John Calvin Commentary


John Calvin Commentary
"Thus saith Jehovah: If my covenant of day and night [stand] not, if I have not appointed the ordinances of heaven and earth; then will I also cast away the seed of Jacob, and of David my servant, so that I will not take of his seed to be rulers over the seed of Abraham, Isaac, and Jacob: for I will cause their captivity to return, and will have mercy on them." — Jeremiah 33:25-26 (ASV)

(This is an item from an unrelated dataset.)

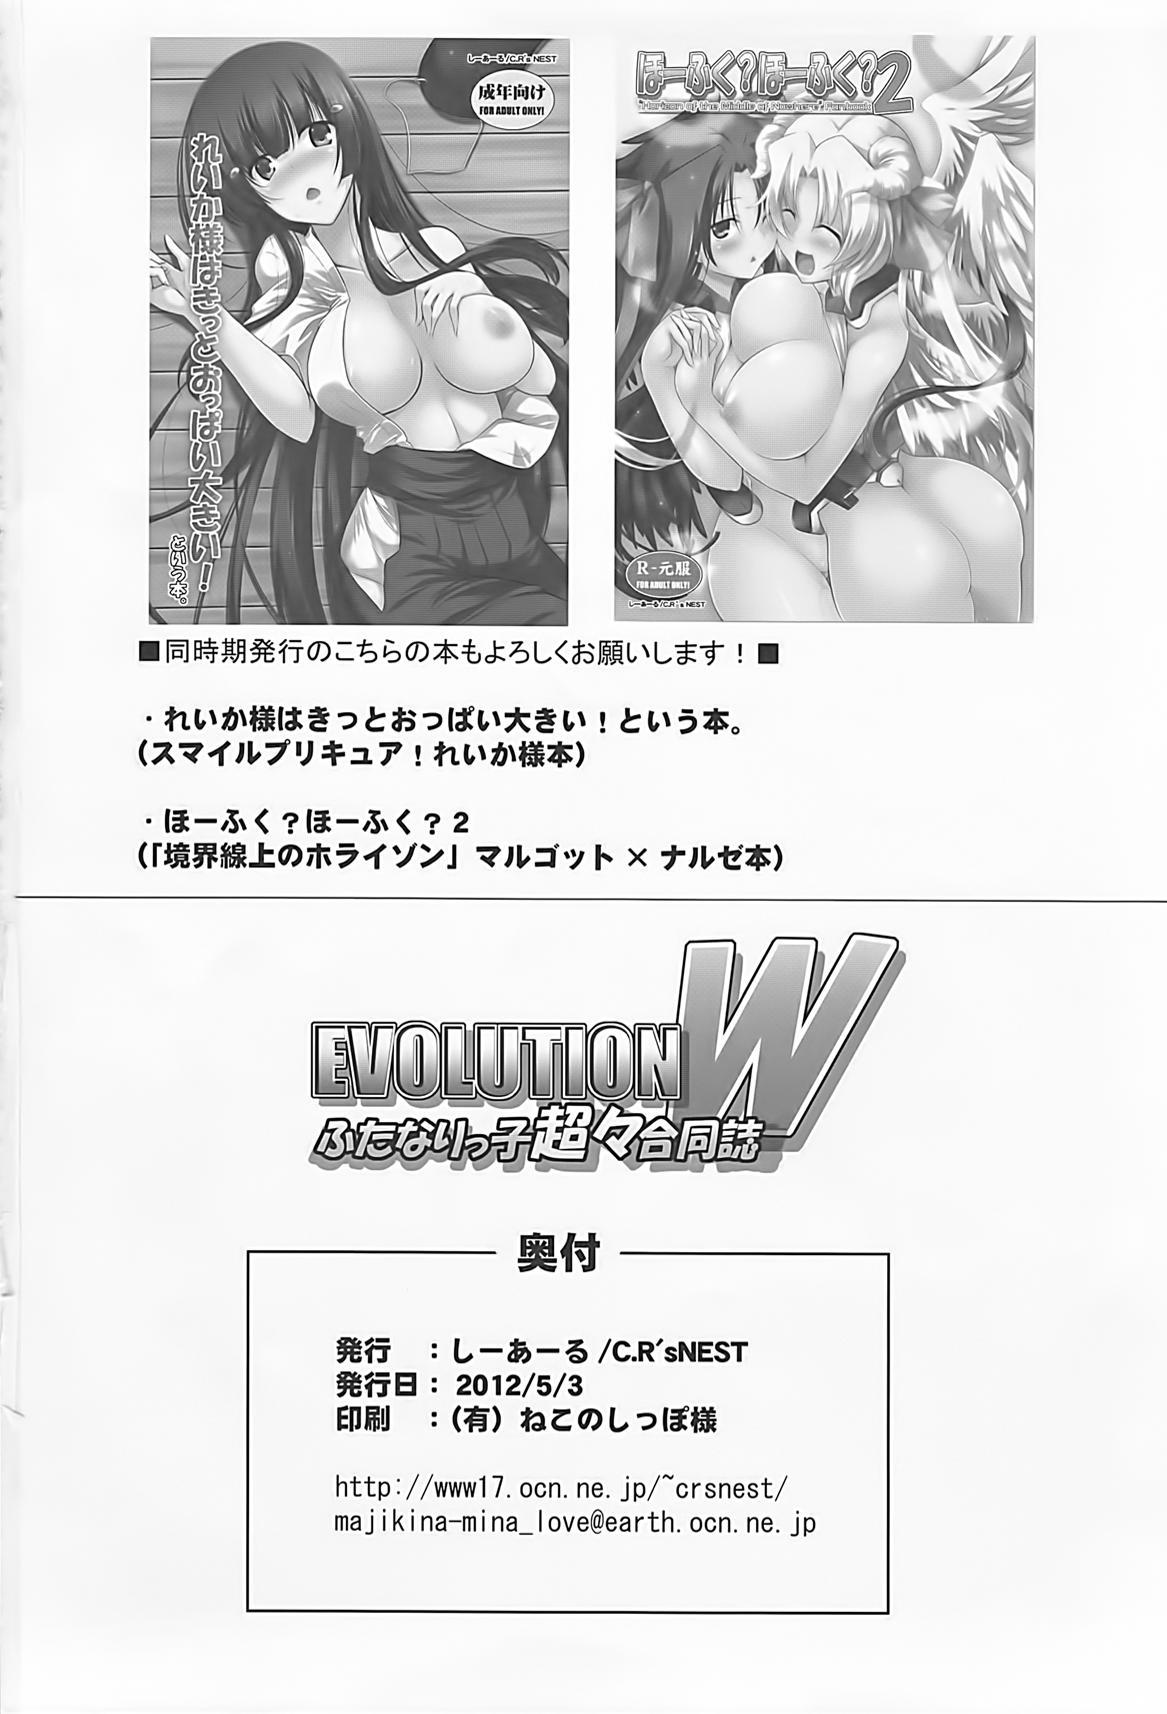 EVOLUTION W 57

Here God contrasts His steadfast faithfulness with their perverse murmurings, about which He had complained. He again uses the comparison previously introduced: “If, then, I have not fixed My covenant, or if there is no covenant for the day and the night—if there are no laws for heaven and earth—then I will cast away the seed of Jacob and the seed of David: but if My constancy is always conspicuous in the laws of nature, how is it that you do not ascribe to Me My due honor?” For I am the same God who created the heaven and the earth, who fixed all the laws of nature which remain unchangeable, and who also has made a covenant with My Church. If My faithfulness regarding the laws of nature does not change, why should it change regarding that sacred covenant which I have made with My chosen people?
We now see the reason why God so often confirmed a thing sufficiently clear in itself: it was because the struggle against the people's obstinate hopelessness was difficult. For they thought that they were rejected without any hope of deliverance when God punished them only for a time for their wickedness, as they deemed their exile to be without a return.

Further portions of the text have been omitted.